When i do i climb in the Cessna, I loose a lot of power. What i mean is this, I was trying to climb to 10000 ft at a climb rate of 500 fy/min. I kept it in full power and at about 7800 ft i would stall the aircraft I couldnt get anymore airspeed out of it unless i leveled off there I thought maybe it would be cowl flaps but i didnt see a lever for that. The Cessna should be able to go to 10000 ft since searching online i found that the max is 14000 ft
You need to lean, the red handle by the throttle. At least 50% by that altitude.
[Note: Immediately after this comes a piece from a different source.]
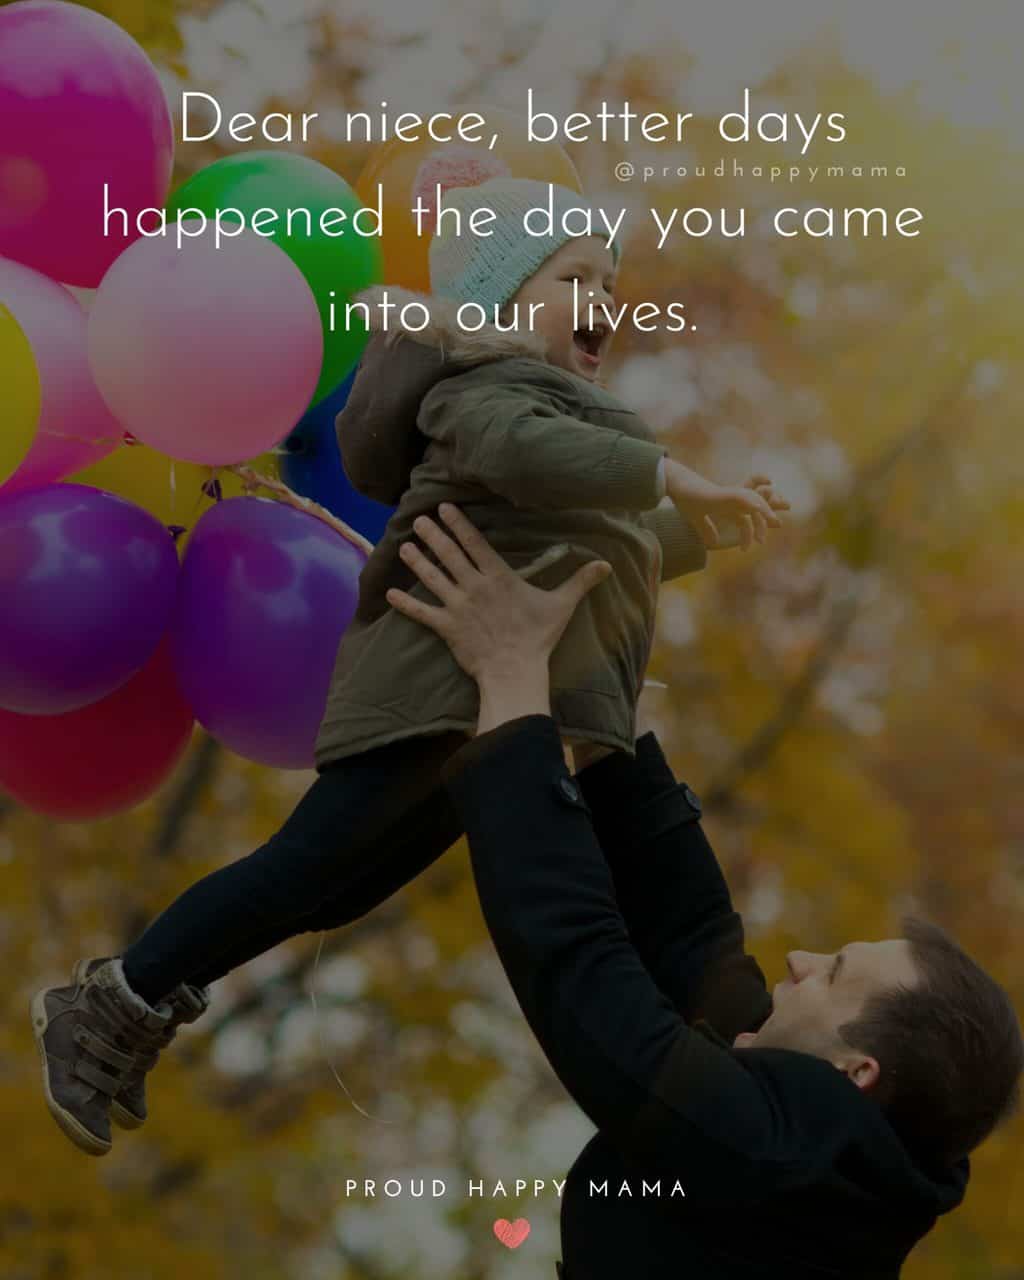 Niece Quotes - Dear niece, better days happened the day you came into our lives.

OK, sounds like i am choking the engine
Hello,
Welcome back to the forums! We ask that you use Community Support for help, not General Discussion. I have moved your thread.
Also, just a heads up that there are no cowl flaps on the 172. There are on the 182.
Thanks …after i looked at it in external view i knew that was the case
The 172 doesn’t have cowl flaps, so that’s why there was no control for it. As for the climb performance, do you have mixture set to automatic or manual? If you don’t have automixture activated, then you will need to lean it as you climb. Also, you can’t just set the vertical speed at a given rate and leave it there during the climb (unless you set it low enough that the particular aircraft type can exceed it throughout the climb with no problem). If you just set a climb rate into the autopilot and the aircraft reaches an altitude at which it can no longer maintain that rate, it will start trimming the nose higher and higher, reducing airspeed until you stall.
The solution, aside from making sure the mixture is set correctly, is to watch your airspeed and reduce the climb rate setting as soon as you see airspeed starting to decay. A 172 shouldn’t be having great difficulty at 7,800’ (though check the air temperature - density altitude might have been much higher if it was hot), but if you try to take it anywhere close to its published service ceiling you will find that you have to reduce the climb rate to not much more than 100 to 200 fpm for the last few thousand feet.
Ok thanks. Good advice
While leaning IS important, you need to realise that the C172 cannot maintain a 500fpm rate of climb at that altitude. You are losing engine performance and lift as the air gets thinner so you should NOT try to maintain a fixed rate of climb. It is normal to climb at the best rate of climb airspeed, which is around 74kts for the C172 at sea level, reducing to 72kts IAS at 8,000ft. This will give you probably around 700 - 800fpm at sea level (depending on temperature) but at 7,800 feet you would be lucky to see much more than 300fpm, maybe 400.
From the C172 POH:
Note: your max rate of climb at varying altitudes also depends on your weight.
Thanks for the info brother
If you want a C172 that will hold performance all the way to 17,500, consider using the freeware Cessna 172 JT-A (Turbodiesel) from MrTommyMxr and DanielLOWG, available on Flightsim.to. It uses the Cessna 172 G1000 baseline 3D model, so that needs to be in your inventory (which it should be in all versions of the MSFS - Standard, Premium, etc).
The best part about TDs - single power lever, no messing about with mixture.